The MBCs of the fungal extracts are summarized in Table 5. Against S. aureus, E. coli, and P. aeruginosa, ethyl acetate extracts of the three strains had bactericidal activity, with MBCs between 1.0 and 2.0 mg/mL. In contrast, none of the extracts exhibited bactericidal activity against B. subtilis.

Acridine orange can freely penetrate the cell membrane of bacterial cells, bind to nucleic acids, and emit green fluorescence. As shown in Figure 3, untreated bacterial cell maintained intact cell membrane and emitted intense green fluorescence (Figure 3A). In contrast, the green fluorescence significantly decreased after treatment with ethyl acetate extracts at a concentration of 2MIC, which indicated that the cell membranes of pathogenic bacteria (S. aureus, E. coli, and P. aeruginosa) induced by ethyl acetate extracts were damaged (Figures 3B–D). The above results suggested that ethyl acetate extracts can potently inhibit cell growth and differentiation by disrupting cell membranes.
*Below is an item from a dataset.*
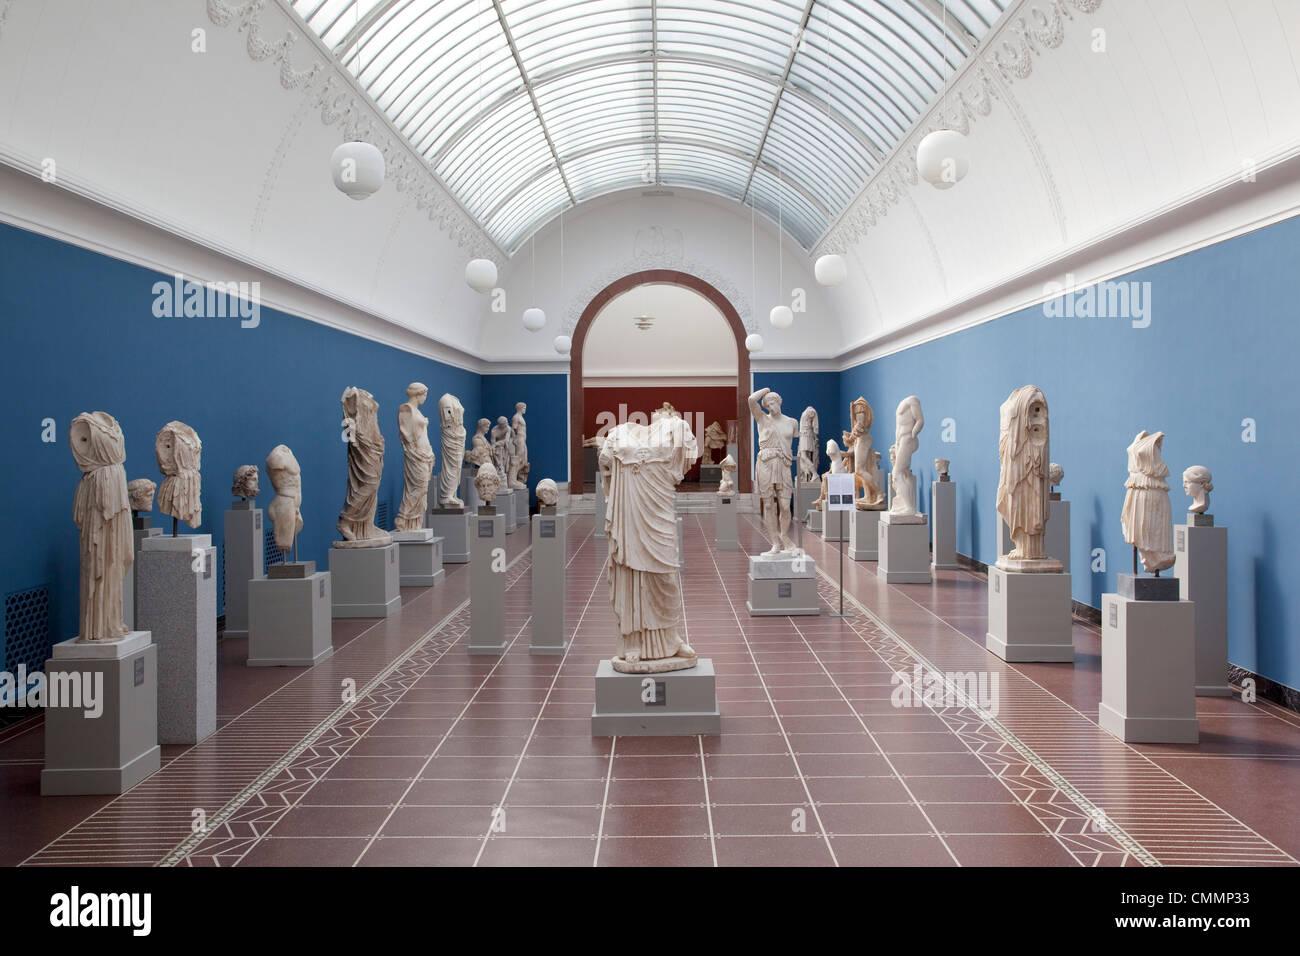 L'intérieur, NY Carlesberg Glyptotek Art Museum, Copenhague, Danemark, Scandinavie, Europe Banque D'Images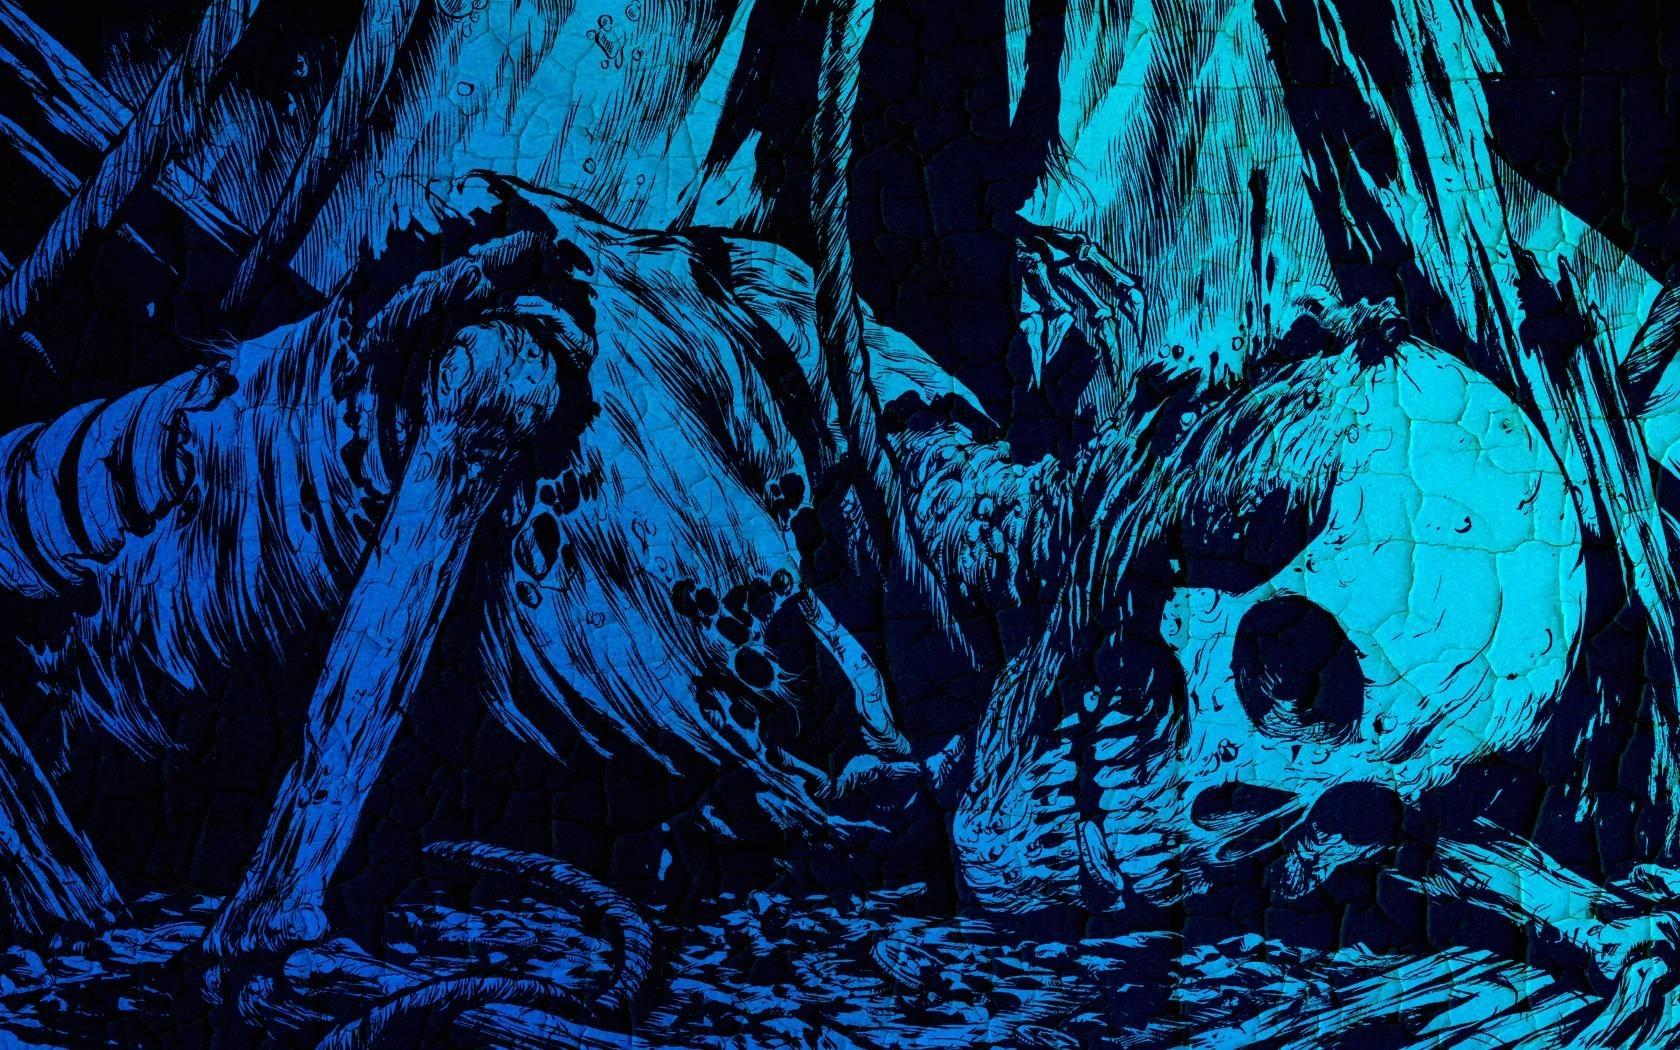 Title Skulls And Bones Wallpapers Wallpaper Cave Dimension 1680 X 1050 File Type JPG JPEG

The ethyl acetate extracts of P. oxalicum and Simplicillium sp. and the n-butanol extracts of Colletotrichum sp. exhibited effective anti-microbial and antioxidant activity with high polyphenol content and were selected for compound analysis by liquid chromatography-mass spectrometry (LC-MS) analytical technique. Table 6 shows the retention time, molecular weight, molecular formula, M/Z, and content of the identified chemical constituents presented in the extracts. The chromatograms are shown in Supplementary Figure 3. The identified compounds included phenolic acids (caffeic acid, chlorogenic acid, ferulic acid, etc.); flavonoids (zpigenin, phloretin, luteolin, hesperetin, etc.); fatty acids (palmitic acid, oleic acid, linoleic acid); organic acid (succinic acid, citric acid, etc.); and monosaccharide [sucrose, d-(–)-fructose, and d-(+)-glucose] (Table 6). As shown in Table 6, a total of 36 compounds were identified in P. oxalicum, of which hesperetin was the major compound with a concentration of 36.06 μmol/g. A total of 28 compounds were identified in Colletotrichum sp., and its major compound was succinic acid (8.11 μmol/g). This was followed by Simplicillium sp. extracts with 34 identified compounds. 4-hydroxyphenylpyruvic acid (17.23 μmol/g) and d (+)-phenylactic acid (4.01 μmol/g) were major compounds in Simplicillium sp. extracts. All in all, phenolic and organic acids were the most abundant compounds in the extracts of the three endophytic fungi, which may be closely related to the biological activity of the secondary metabolites of endophytic fungi.